- [WHAT IS NEEDED] Extract each line of the material that follows exactly and omit its pictures.

- [DATA SEGMENT]
=== Begin Enclosure ===

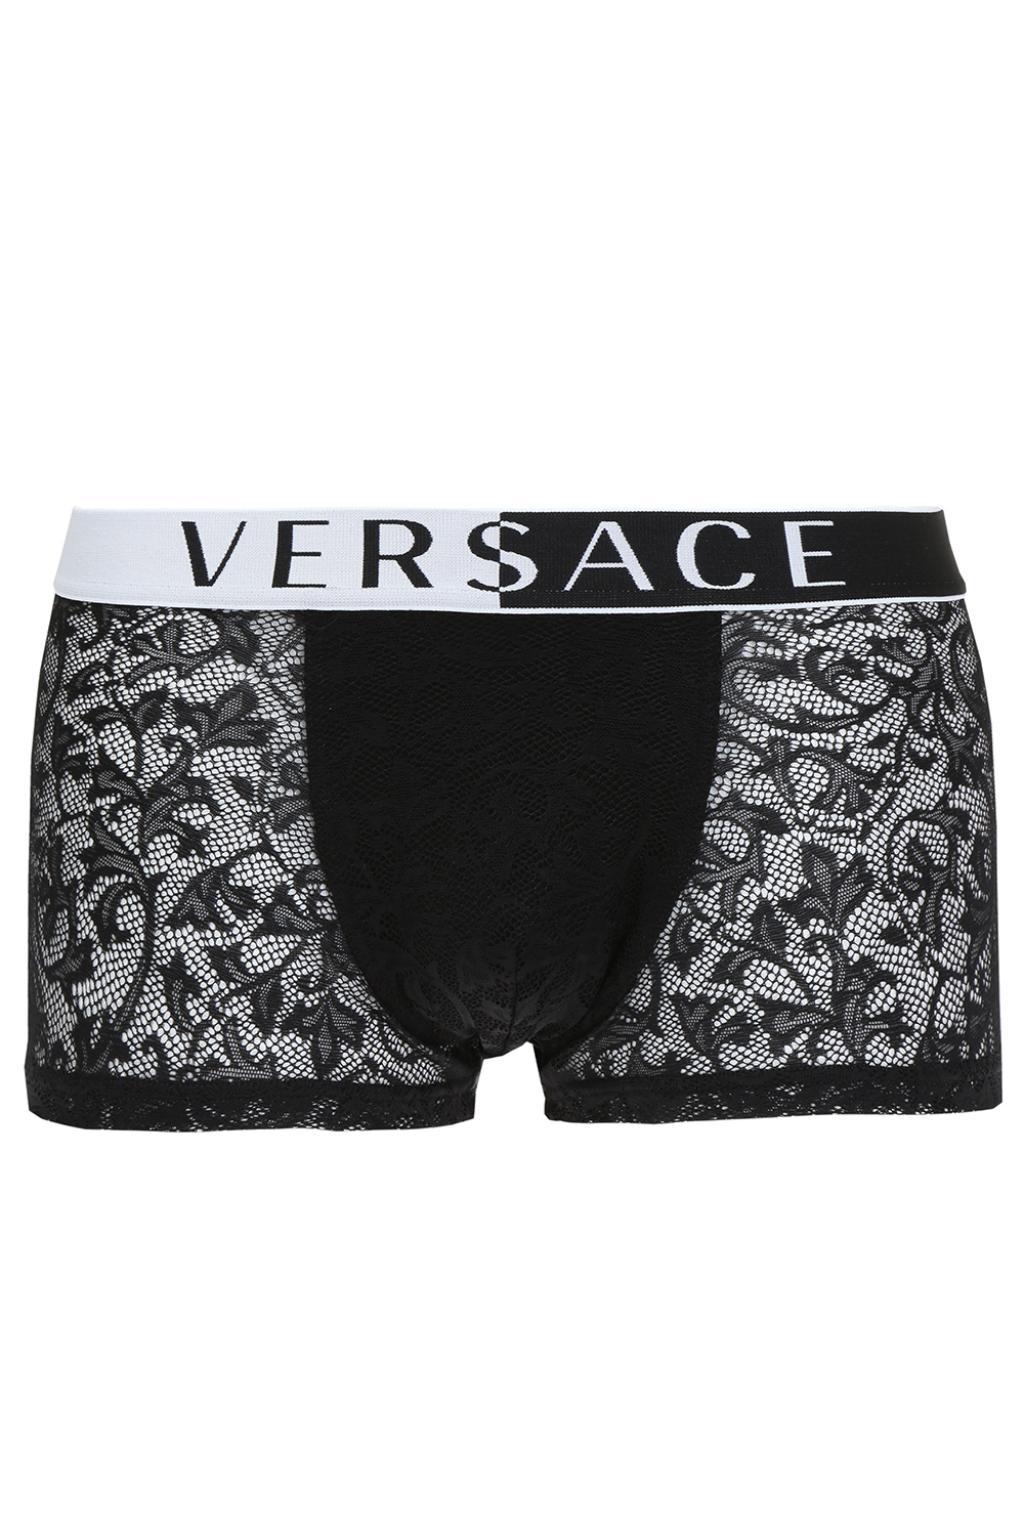 versace mens lace underwear
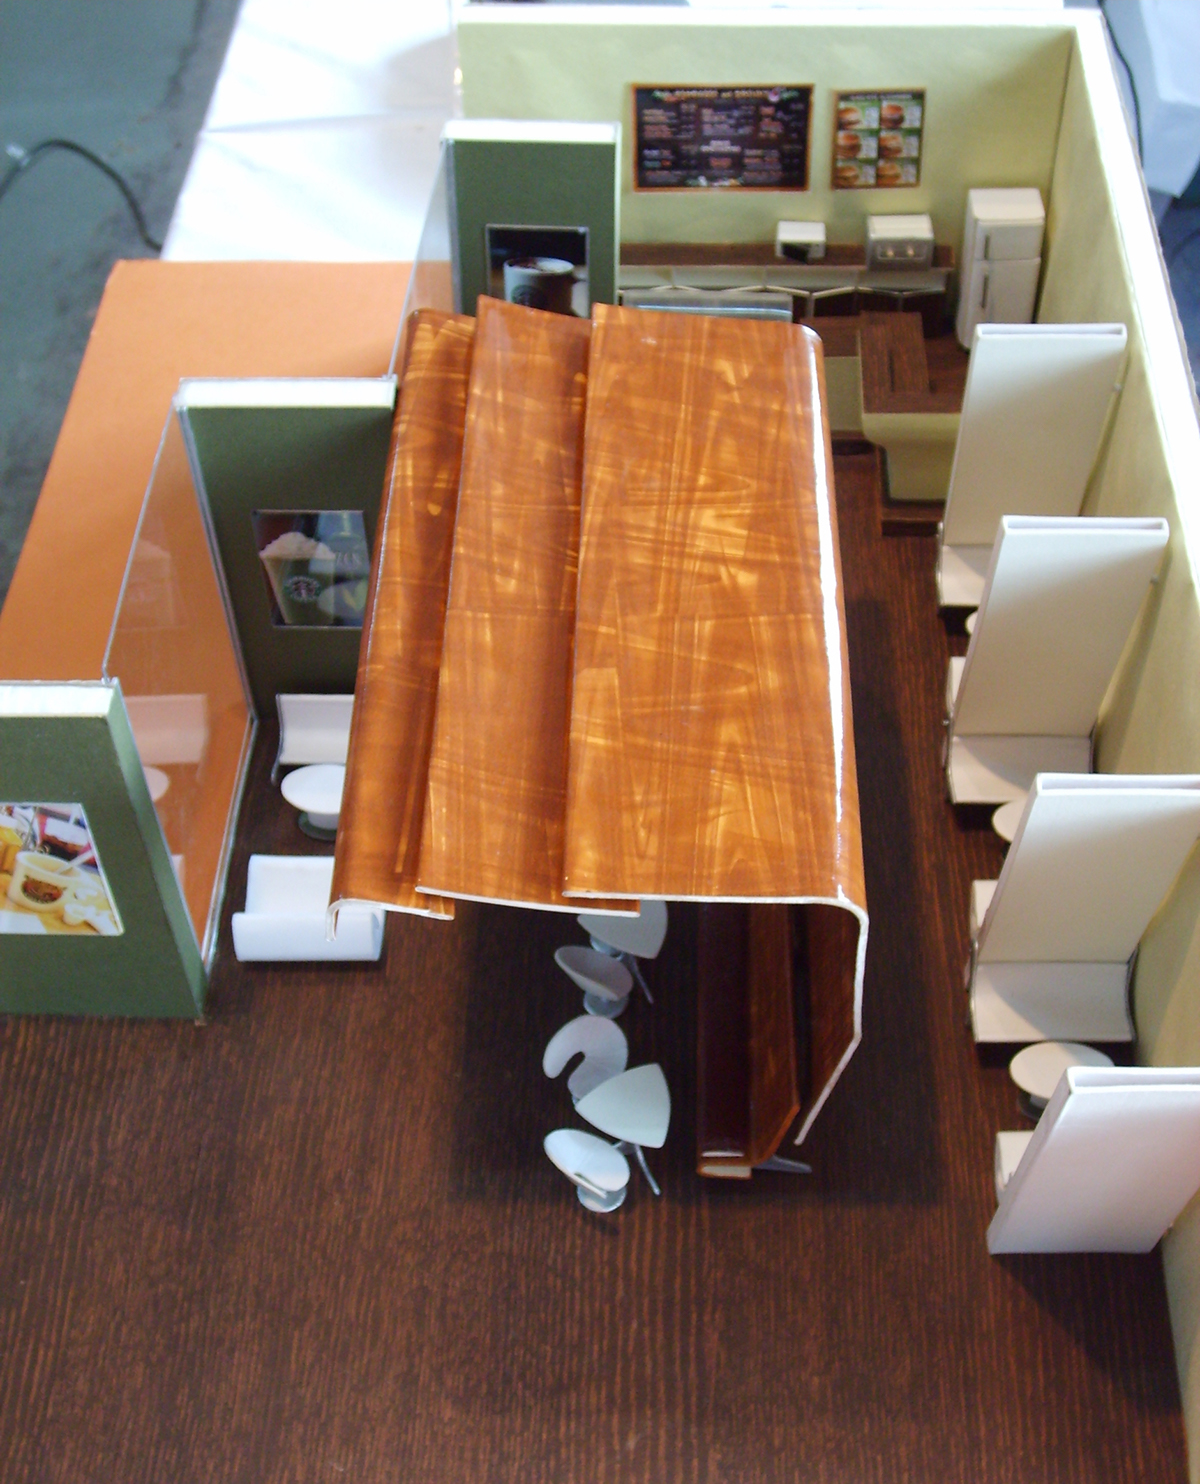 Interior Architecture&Design physical modelling Starbucks Model scale model
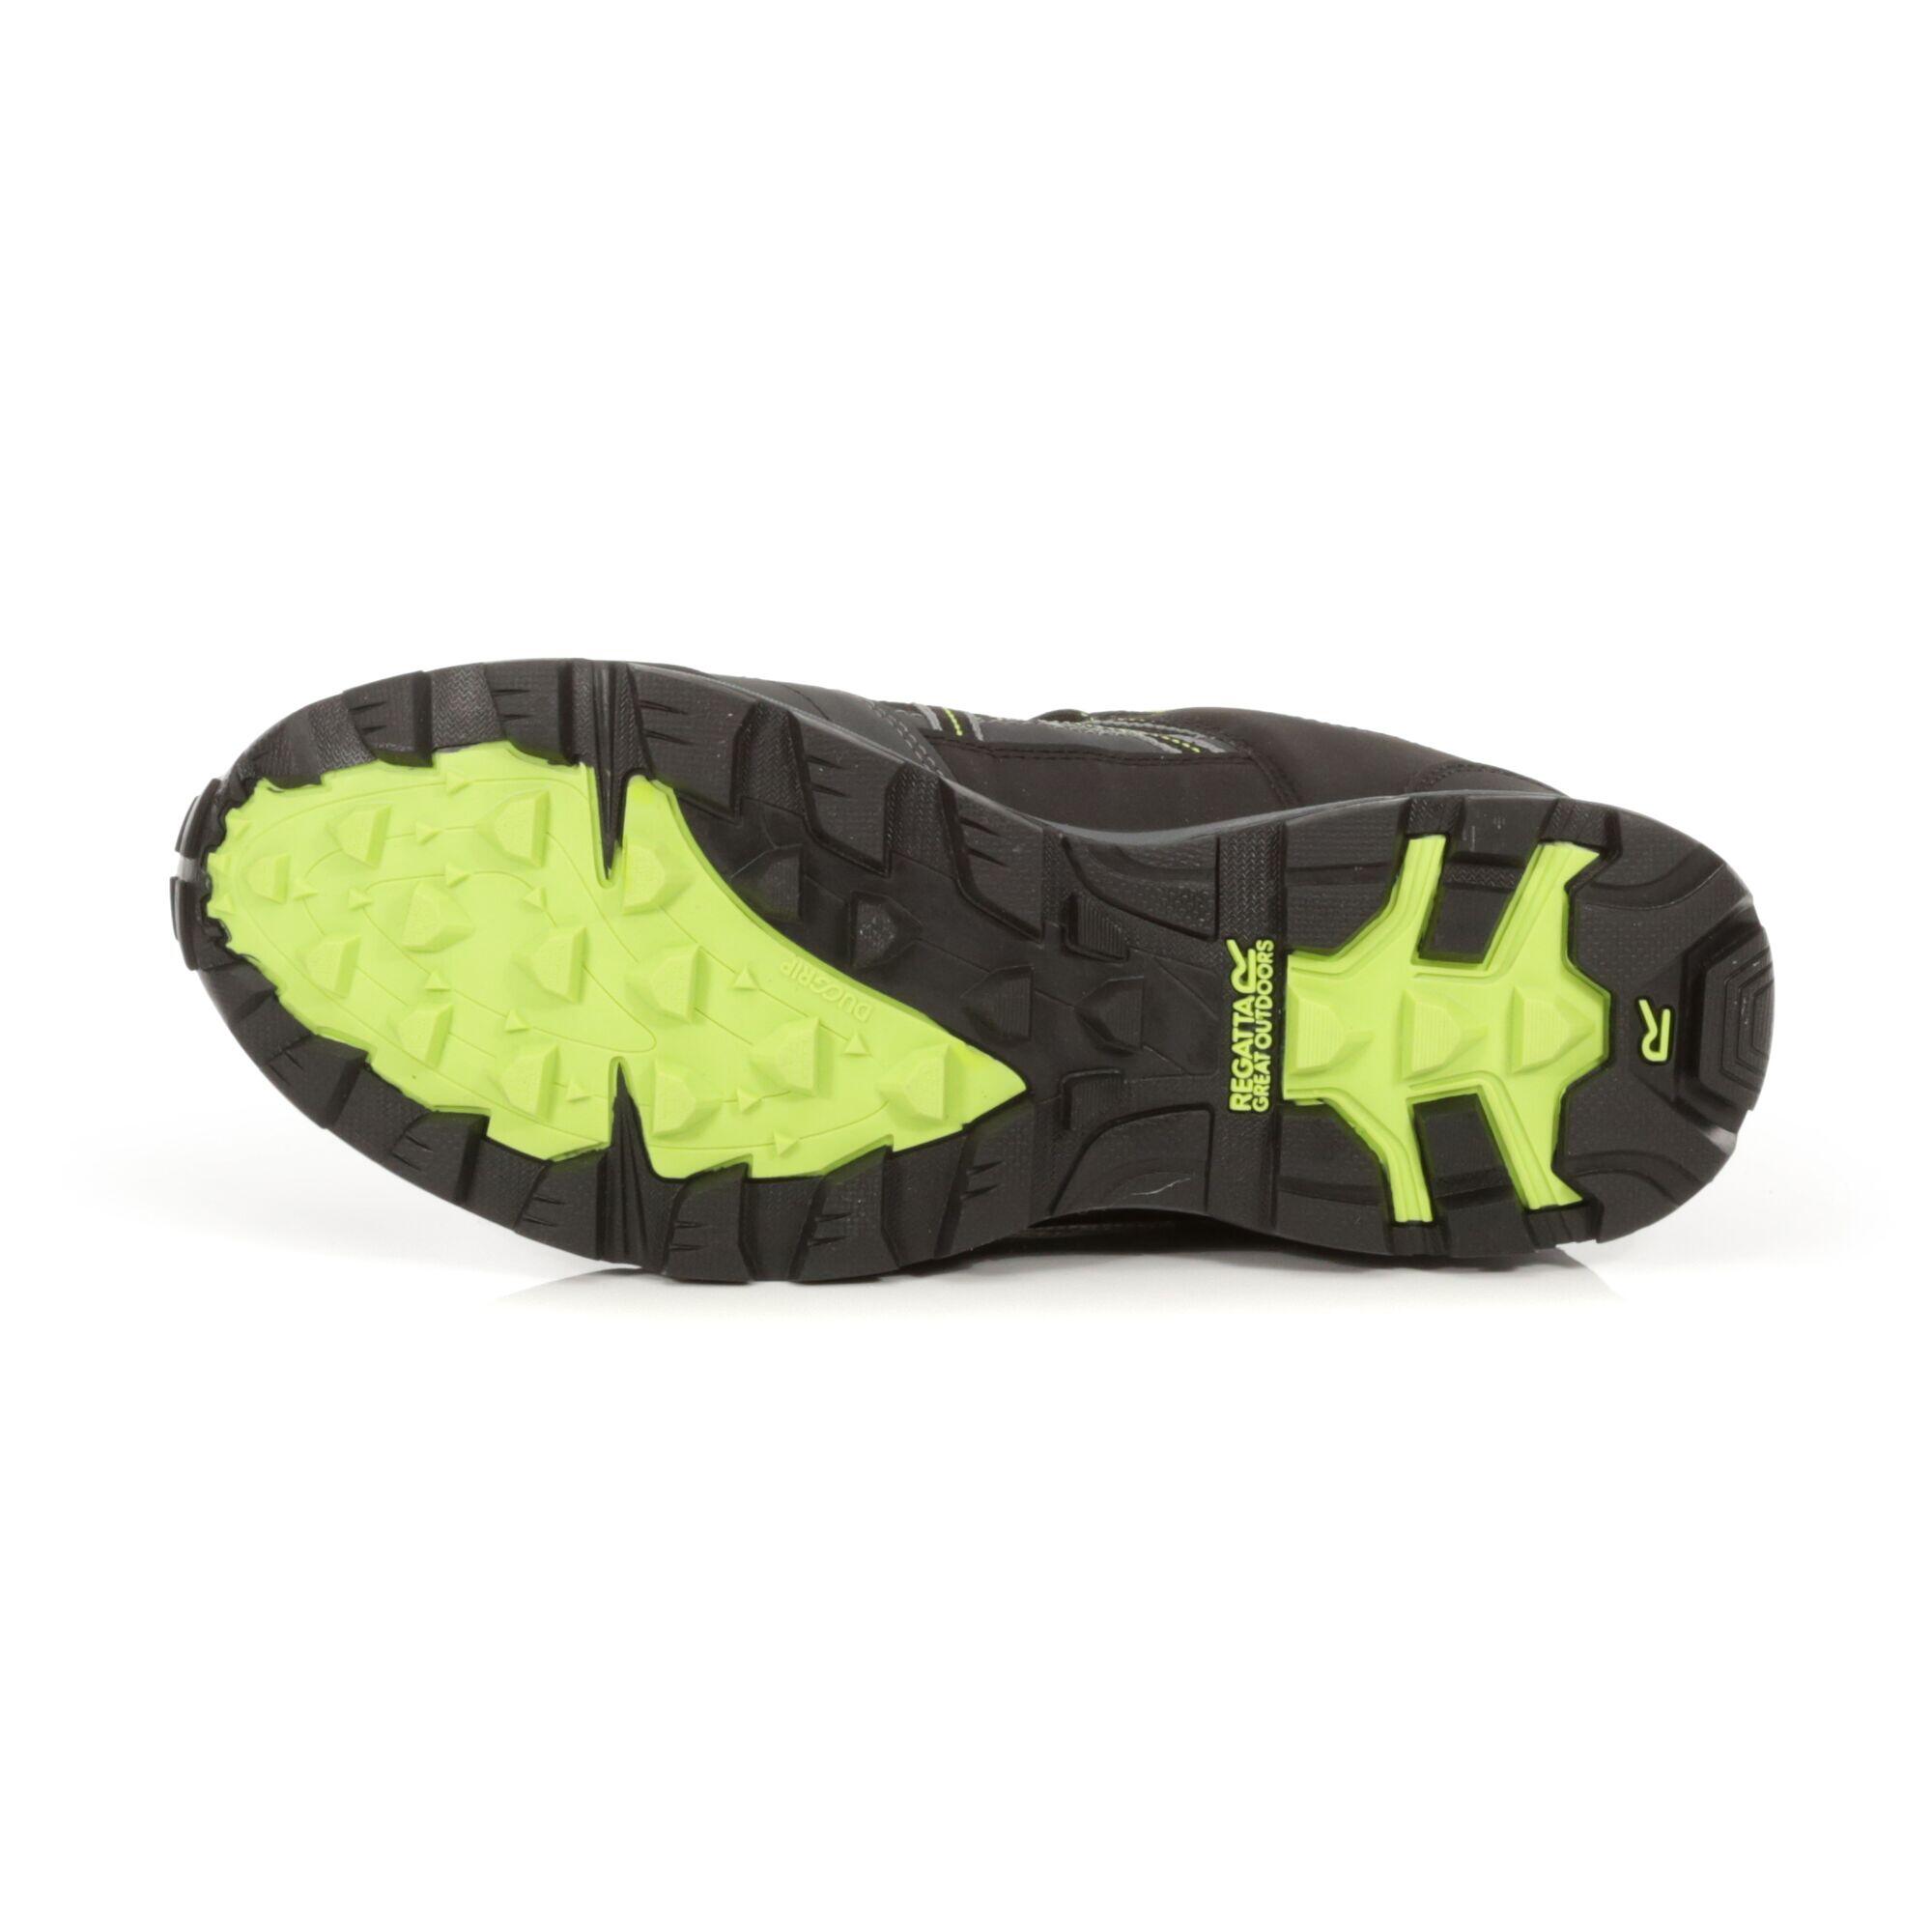 Samaris II Men's Hiking Shoes - Black/Light Green 2/3

=== End Enclosure ===

- [RESPONSE TO THE TASK]
 versace mens lace underwear
 Interior Architecture&Design physical modelling Starbucks Model scale model
 Samaris II Men's Hiking Shoes - Black/Light Green 2/3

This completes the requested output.